I really appreciate repositories with clear instructions for how to build as well as perspective on the key run time decisions and complications so that I can troubleshoot effectively.
That's it! A big reason for this is minimizing dependencies. Every library a tool needs, every compiler that it requires a specific version of, is a place where somebody will trip up and have a bad experience.

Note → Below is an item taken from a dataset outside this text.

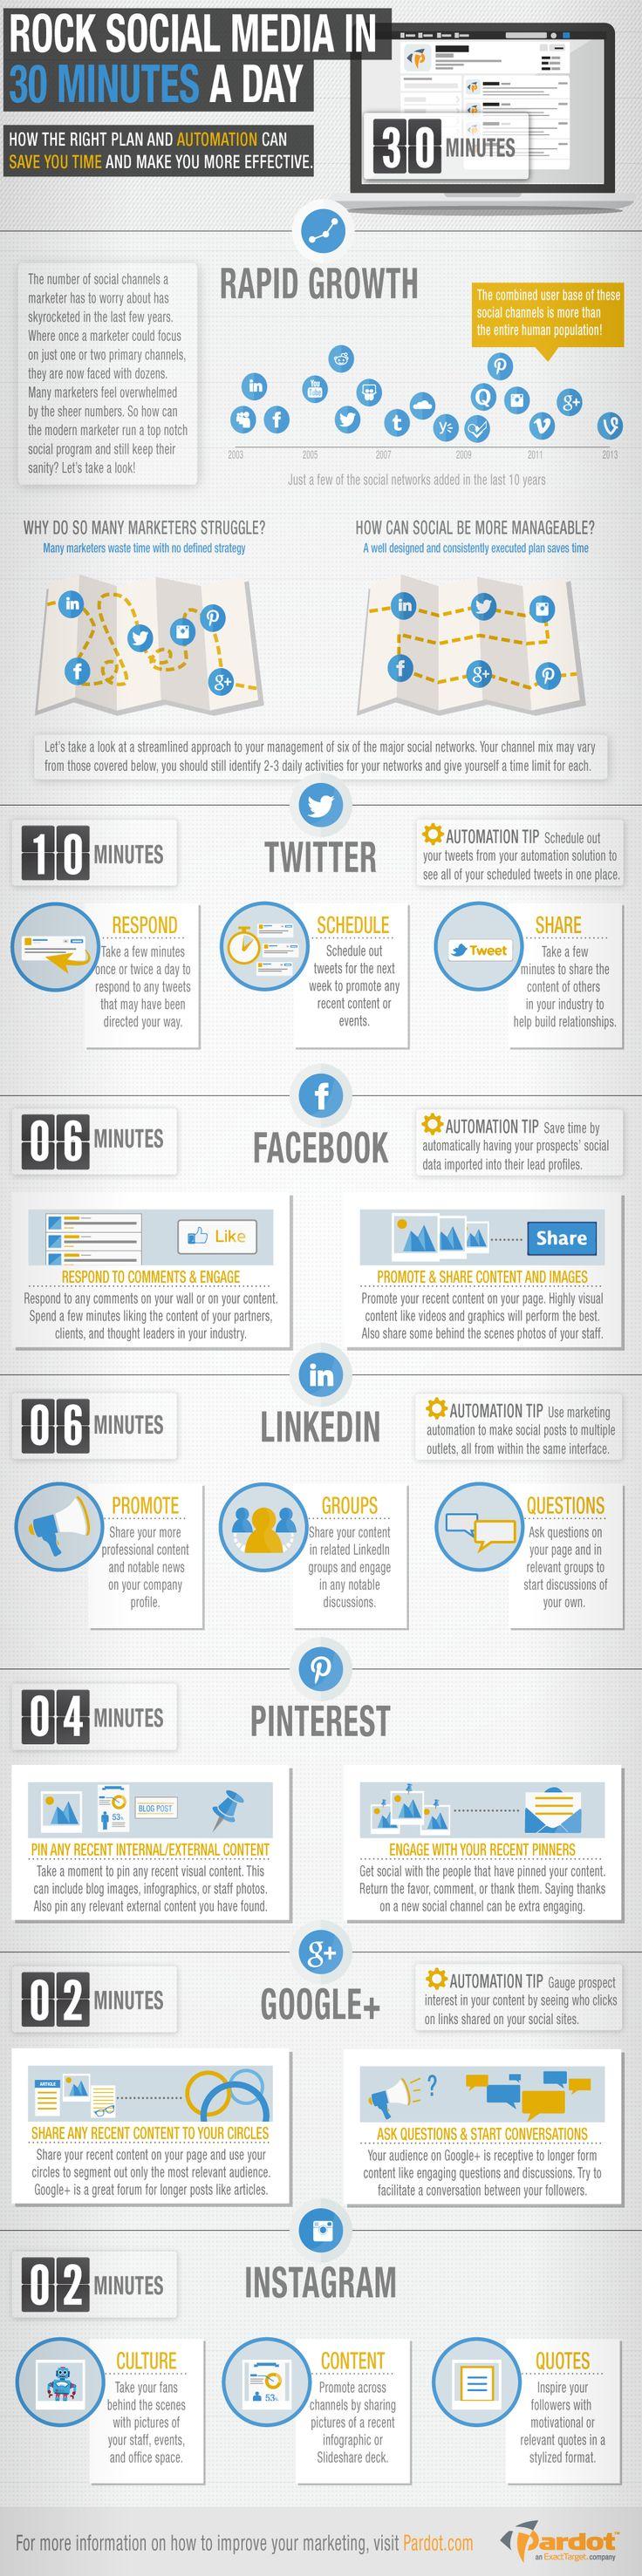 30 Minute Social Media Management

That said, I believe that the resistance to code-reading as a common method is derived from an unwillingness to look things up. Too many times we read code without actually knowing whats happening behind the words and symbols - and this, I feel, is where the "Great IDE Debate" comes into play. You can read all you like - but if you can't build it, or can't get hints or even executables from the environment you're using to do the reading, then that is definitely a hindrance. But yet, IDE's like to hide a lot of details about whats really happening under the hood, and so having a comprehension of the build process is also key. Code-reading is not enough: Code-building is also significant.
So a big part of developing code-reading skills is in refining a) ones ability to use the IDE as a tool to navigate and build, and b) not depending too much on skill-a), also.